I have a Canon 700d and a 430EXIII flash. Recently I have been experimenting with off-camera flash. I was really surprised to see e-ttl ii available even when using off-camera flash (via the pop-up flash)

Now, I understand (or at least I think I understand) what TTL does (or whatever Canon calls it) when the flash is mounted on the camera.

1. Flash sends a preflash and sees what reaches the lens
2. A proper exposure is calculated
3. Flash adjusts its power to reach that proper exposure
4. Actual flash is shot along with shutter

However if the flash is off-camera, step 3 is no longer straight-forward. I may have placed the flash on my scene in a position where it is impossible to obtain a proper exposure no matter the power of the flash.

As a quick example, let's say that I want to use the flash as a back-light for a portrait.

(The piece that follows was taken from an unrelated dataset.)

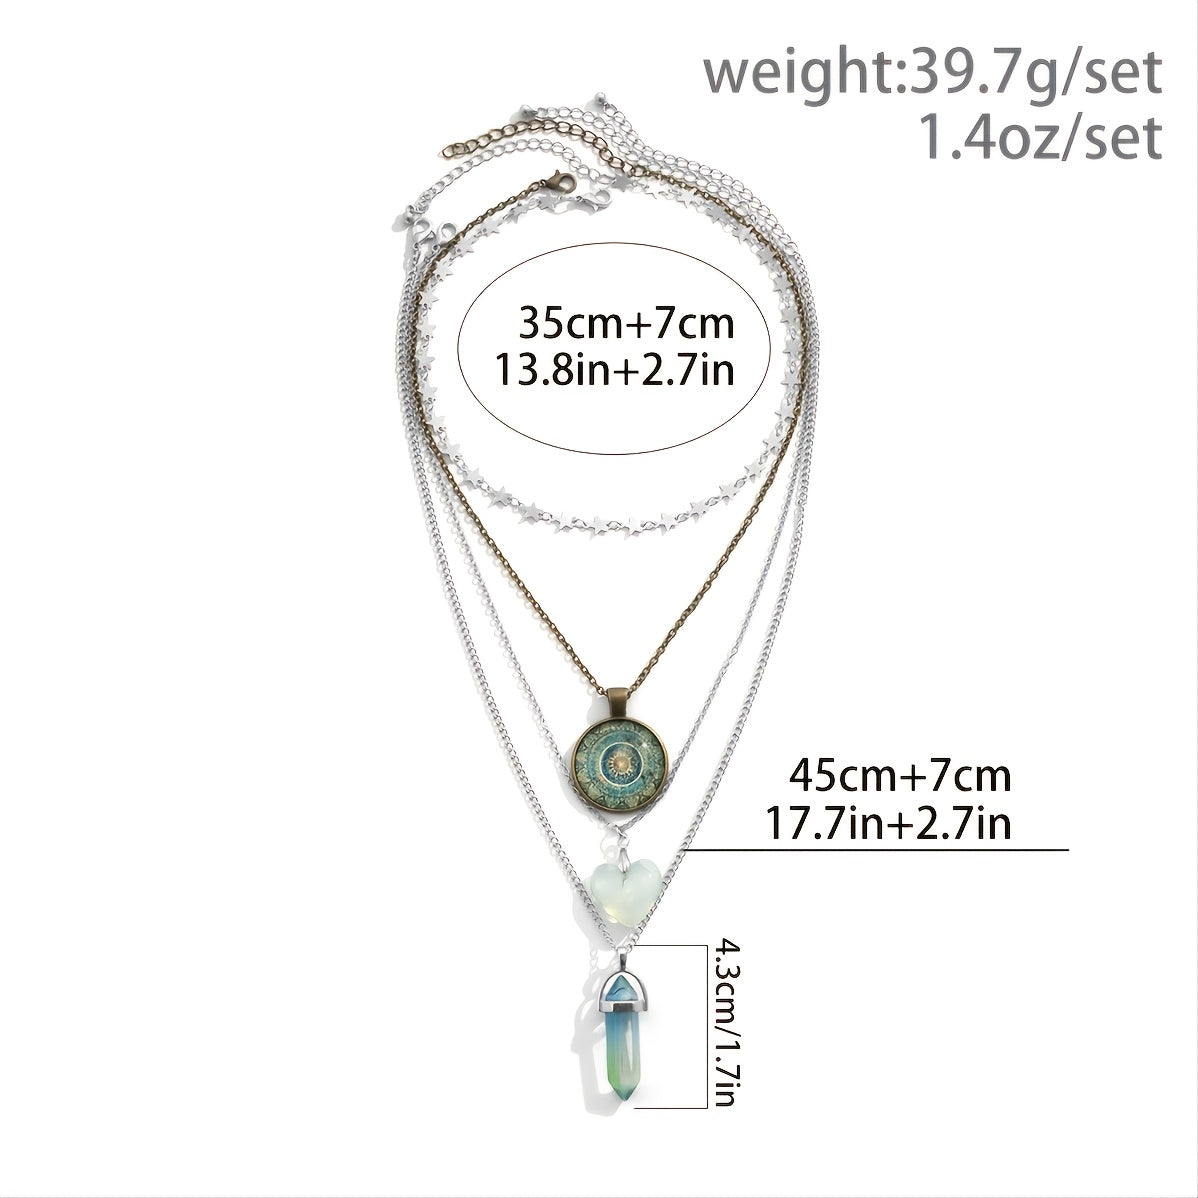 Gorgeous Vintage Heart Crystal Pendant Necklace Set - 4 Pieces!

During the pre-flash nothing will really change on what is shown through the lens apart from some small highlights on the hair of the person.

So if the flash assumes that it needs a lot of power to obtain the proper exposure (because let's say that the face of my model is really underexposed) its batteries will be wasted as it goes to full power since 99% of its light never changes the picture.

Is my assumption correct?

Or does TTL behave differently when on-camera and off-camera?

Answer 1

The same is true when the flash is on the camera, facing away from the subject into empty space with nothing to reflect it back to the subject.

The point of TTL is to adjust flash power automatically under the assumption that it has an influence on the scene.

If the flash is on camera or not is not too relevant. In event photography or photojournalism for example, you can sometimes see photographers holding the flash in one hand and the camera in the other. This gives more flexibility in positioning the flash. In run and gun scenarios as those mentioned, an automatic flash that helps getting the shot is more important than achieving perfect exposure.

its batteries will be wasted as it goes to full power since 99% of its light never changes the picture.

I often bounce on-camera flash into high ceilings or walls, because I want to get soft light. This also leads to high power flashes. I rarely have battery problems.

Your thought is right: all the light that does not eventually reach the sensor is wasted, but there's no simple way to increase that efficiency.

Some systems are coupled with the autofocus to determine flash settings based on subject distance, but this works only on-camera and only without tilting or rotating the head of the speedlight.

In summary: while not achieving perfect exposure for the reasons you mentioned, TTL is still useful either on or off-camera to get a good exposure automatically.

Answer 2

Don't forget that when using E-TTL you can also apply different power ratios and flash exposure compensation to each group independently. In your example of the hair light you can either change the power ratio of the key light to the hair light. Or if you are only using a single flash you can dial it up or down using FEC. And by selecting the Av exposure mode you can tell your Canon EOS camera that you want the ambient light to be the main light source.

As others have already said, E-TTL is most useful in situations, such as event photography, when the subjects' positions and the ambient lighting is changing rapidly. You don't have to constantly change aperture or flash power every time the subject gets closer or further from your lights. Even when you have lights mounted remotely on stands you can adjust the ratio so that when you are in one part of the room E-TTL gives more power to the flash more behind you (key) and less to the one more in front of you (kicker). Then when you move across the room you only need to adjust the ratio to flip the entire key/kicker setup. It's a lot quicker changing one setting (especially if that setting is on your customizable "quick menu" list) than to manually change the power of each group individually.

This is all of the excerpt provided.